Dans l’épilogue du film The Dark Knight, Christopher Nolan fait de Batman un mal nécessaire que la société doit rejeter et pourchasser pour préserver légitimement ses valeurs morales, un  mal nécessaire dont elle a besoin paradoxalement. Le film fait-il l’apologie de la politique du « mal nécessaire » à la démocratie, des failles où s’engouffrent silencieusement les barbouzes de la NSA, qui permettent ainsi à Batman de surveiller la totalité des habitants de Gotham grâce à leur téléphone portable ? Comme tout artiste, Christopher Nolan pose des questions à travers ses œuvres, au spectateur et la société d’y répondre. Son film est un constat amer et déchirant, et si on ne peut qu’être séduit par un justicier tel que Batman, force est de constater qu’il ne s’agit surtout pas d’un idéal qui doit s’incarner dans la société. Car ce n’est autre que l’ombre du fascisme que répand sa cape noire, malgré les intentions de Bruce Wayne qui en est lui-même effrayé.

Lucius Fox (Morgan Freeman) dans The Dark Knight

Lucius Fox (Morgan Freeman) dans The Dark Knight

Il donnera à Lucius Fox le seul accès au réseau de surveillance qu’il a fait mettre au point, et lui confiera le soin de le détruire lorsque le Joker aura été vaincu, et qu’un tel « mal nécessaire » violant les libertés fondamentales des habitants ne sera plus nécessaire. Mais comment reconnaître lorsque ce moment viendra ? Quelle institution, État ou entreprise de notre monde oserait détruire un tel outil de contrôle, et donc de pouvoir ? Bien sûr, The Dark Knight montre aussi l’échec d’un chevalier blanc, Harvey Dent au visage connu de tous les habitants et mafieux de Gotham City (Aaron Eckhart), qui deviendra un monstre nommé Double-Face lorsque sa volonté de justice deviendra soif de vengeance. Le film porte alors le deuil de ce chevalier blanc qui aurait dû rendre Batman anachronique. Jusque dans ses derniers mots,  The Dark Knight est le reflet de notre société, le monde tel qu’il est et non tel qu’il devrait être, pour reprendre les mots de La Bruyère. Batman devrait être un chevalier blanc mais il est noir, noir comme la nuit où il apparaît et comme le désespoir qui l’a créé.
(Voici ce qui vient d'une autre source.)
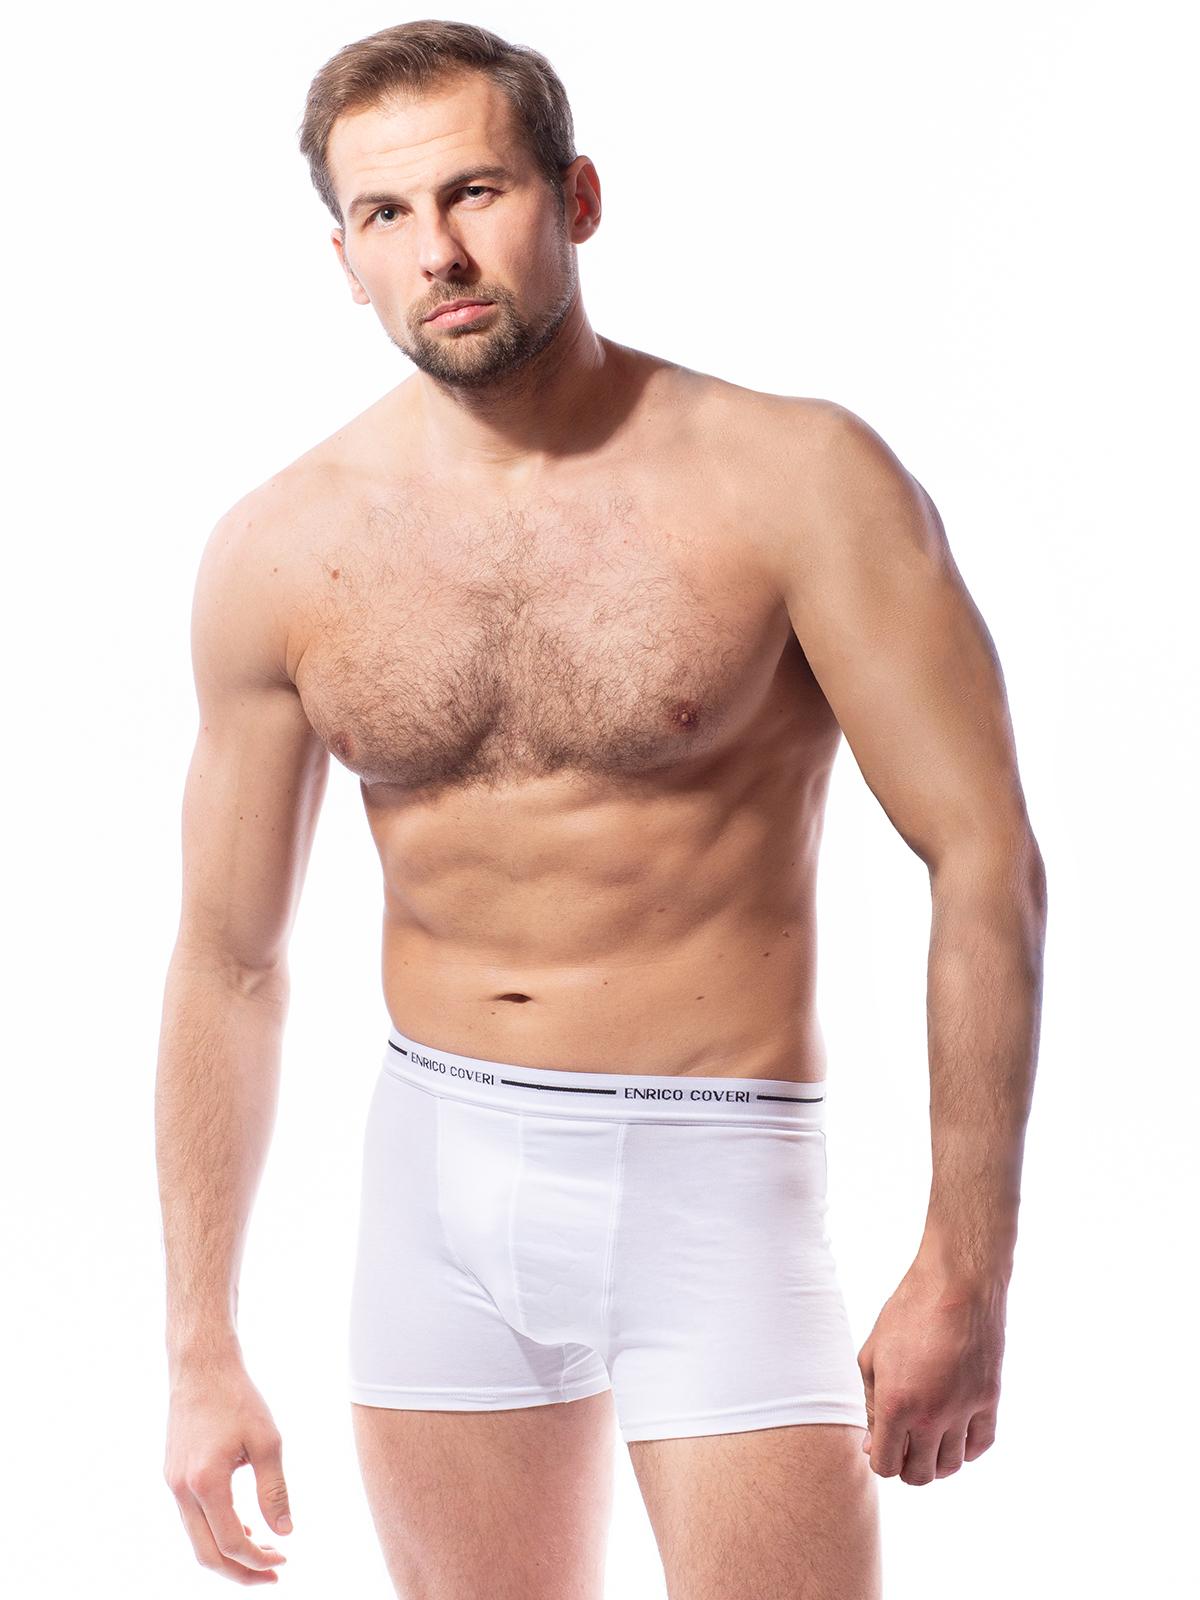 Трусы боксеры мужские Enrico Coveri белые XL

Version mise à jour et corrigée de l’article paru le 26 mai 2009 sur le blog de l’auteur, sous le titre Batman Begins / The Dark Knight : l’anachronisme du chevalier noir. Nous avons reproduit ci-dessous certains commentaires du blog originel.

Auteur : Jérémy Zucchi

Né en 1986, Jérémy Zucchi écrit et réalise des films documentaires (soutenus par l'association Eclore), tout en poursuivant l'écriture d'articles et d'essais sur le cinéma, en particulier sur la science-fiction cinématographique. Il publie ses articles sur Philip K. Dick et le cinéma son blog Éclats Futurs (www.eclatsfuturs.com) et intervient lors de tables-rondes, conférences et présentations de films. Site web : http://www.jeremyzucchi.com

4 Commentaires

  1. Un article passionnant, bravo et merci!!!
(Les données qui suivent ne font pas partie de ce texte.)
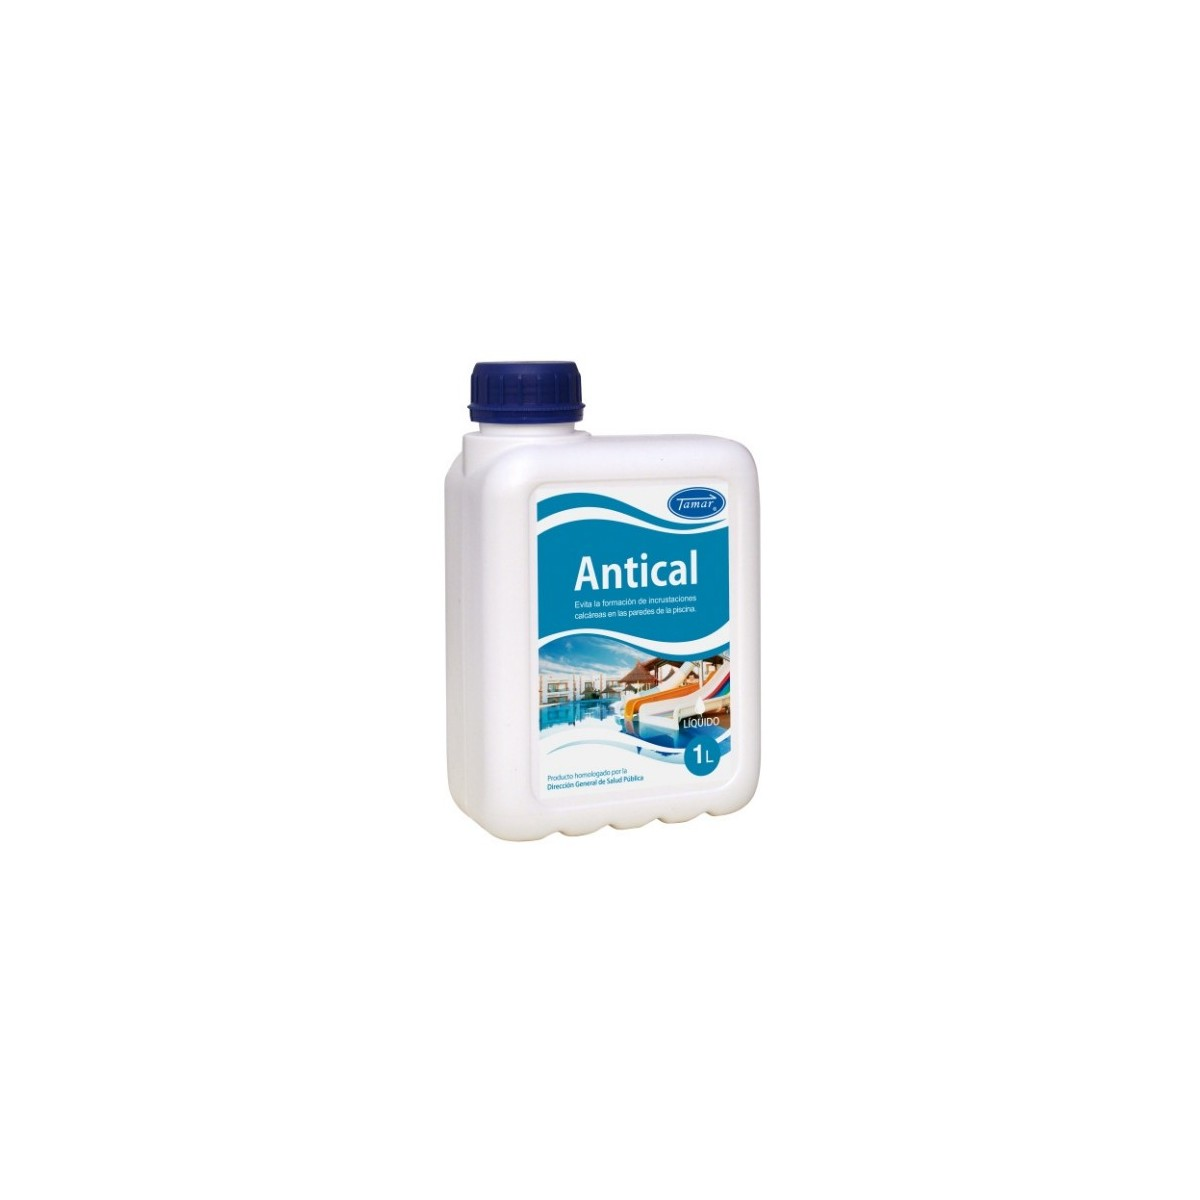 Antical liquido 5l

  2. Très bon commentaire. Perso j’ai apprécié les choix de Nolan. Sa spécificité comme tu l’expliques très bien est de faire des films où on challenge les règles : dans Memento, Insomnia, le Prestige… rien n’est simple. Et si les films sont souvent tortueux, pour peu qu’on s’en donne la peine, on les apprécie davantage que des récits trop simplistes à la stucture monotone faite de gentil triomphant du méchant. Nolan était donc parfait pour la franchise s’il ne se trahissait pas. Et je trouve qu’il a réussi avec Begins et The Dark Night à redonner ses lettres de noblesses à Batman en en faisant un héros « réaliste »

  3. ton article est super intéressant
    perso j’ai aimé ce batman mais je ne suis pas aussi enthousiaste que tout le monde. Je trouve qu’il y a tellement d’efftets spéciaux que parfois on ne comprend pas tout. J’ai regretté que Le Joker « bouffe » les autres personnages, quitte à les rendre fades ou inexistants. Pour moi, le seul qui arrive à ne pas se faire éclipser face à Heath Ledger, c’est Aaron Eckhart.